Boating is one of the few sports left to harbor a true sense of community.

Mr Bill’s Neighborhood

It’s one of the few places left to harbor a true sense of community.

Illustration by Kent Barton

When I was a kid, I lived in a little town in the Adirondacks that qualified as a community in most senses of the word. Everybody knew everybody else. And if you needed something, like advice, a tool, a disinterested party to listen to you, a small loan, or maybe just supper, you could bet there’d be somebody who’d step up to the plate.

These days things are different. People are often standoffish, tending to keep to themselves. You might live next to a guy for a decade and never know his last name. Or even his first. Or you might work alongside somebody for years and never know his kids’ names. Or even if he has kids.

Unfortunately, this state of affairs holds sway almost everywhere today, although there’s at least one group that abjures—the boating crowd. Think about it. Joe Blow maybe doesn’t give you the time of day, may scowl at you while you water your lawn, and may cut you off in traffic without compunction. But let him become the proud owner of a little express cruiser in a dry-stack storage facility somewhere, or an old trawler at a backwater marina, and he’ll morph before your very eyes. He’ll turn into a truly great friend, energized by the same deep need to be helpful that animated, or at least often seems to have animated, the settlers of the great American frontier.

I have a couple of theories about why all this transpires. But I’ll spare you and instead trot out something else—a concrete example of the true, blue, communal boating spirit. And I’ll do this by zeroing in on what happened one morning at the North Florida marina the Betty Jane II calls home.

I kicked off that particular morning in a state of deep demoralization. “Why me?” I asked myself. Why did my trusty diesel have to cash in its chips at this pivotal time? With a guest soon to arrive from a far-distant shore, a tight time schedule, and the guy’s expectations of filling the next few days with a cheery, flawless cruise. Heck, when I turned the ignition key absolutely nothing happened. Nada. It had to be an electrical snafu. And electrical ain’t my strong suit.

“I’ll take a look,” said Chip, pulling up on the large tricycle that expedites his travels around the premises.

Despite a busy morning, Chip had managed to prioritize Betty’s propulsion issue. My marina is an old, tight-knit one. And many of the guys who work there have done so for years. Chip’s one of them.
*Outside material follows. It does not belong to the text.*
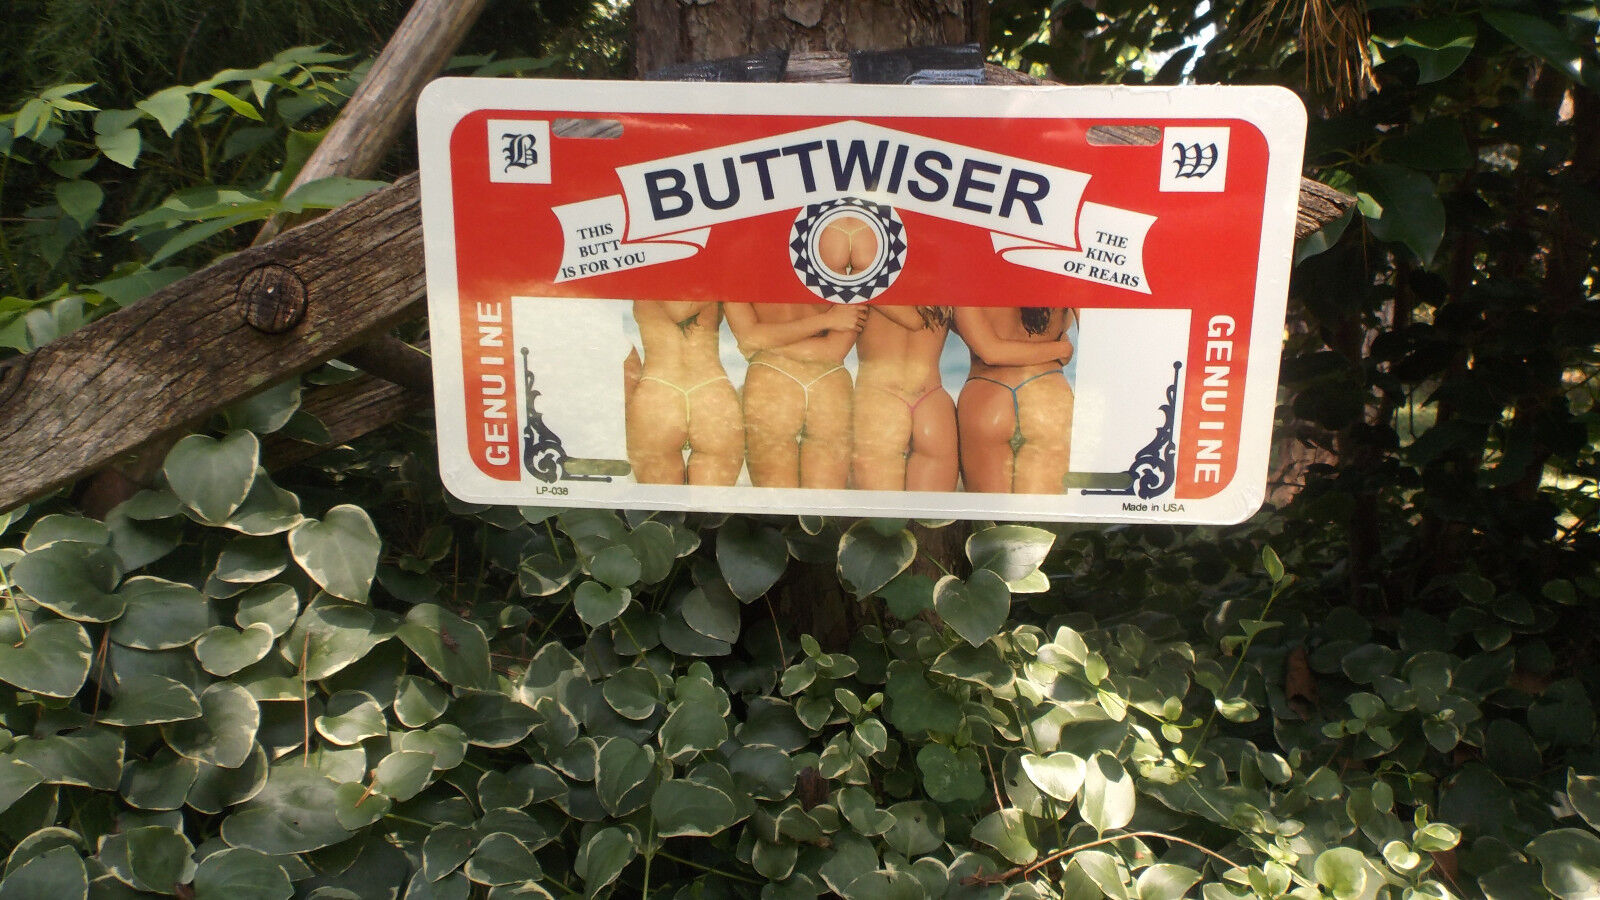 BUTTWISER GIRLS IN THONGS ADVERTISING LICENSE TAG PLATE SIGN MAN CAVE SIGNS NEW

By all reports, he’s got at least five continuous decades under his belt which, incidentally, he tends to augment with a giant belt buckle and an ever-changing selection of chuck keys, sheath knives, and multi-tool holsters.

Within minutes, Chip was laying on top of my recalcitrant diesel, poking an obscure section of electrical harness with the leads of an electrical tester. He simultaneously talked to me, saying he’d discovered a break in a very fine but critical wire. He would bypass the break with a temporary “jumper,” although eventually I’d have to buy a new harness. But the jumper, he concluded, would let me hit the trail with gusto.

A few days later, with the cruise now successfully behind me, I was surprised by the absence of a charge for Chip’s efforts on my monthly marina bill. I mentioned this to my friend Jerry while I returned the nice little handheld VHF he’d taken it upon himself to loan me for the cruise.

“Doesn’t surprise me,” said Jerry. “Chip’ll do anything for you. Loan you tools. Give you free advice. The man can fix anything. Funny, but it doesn’t surprise me one bit.”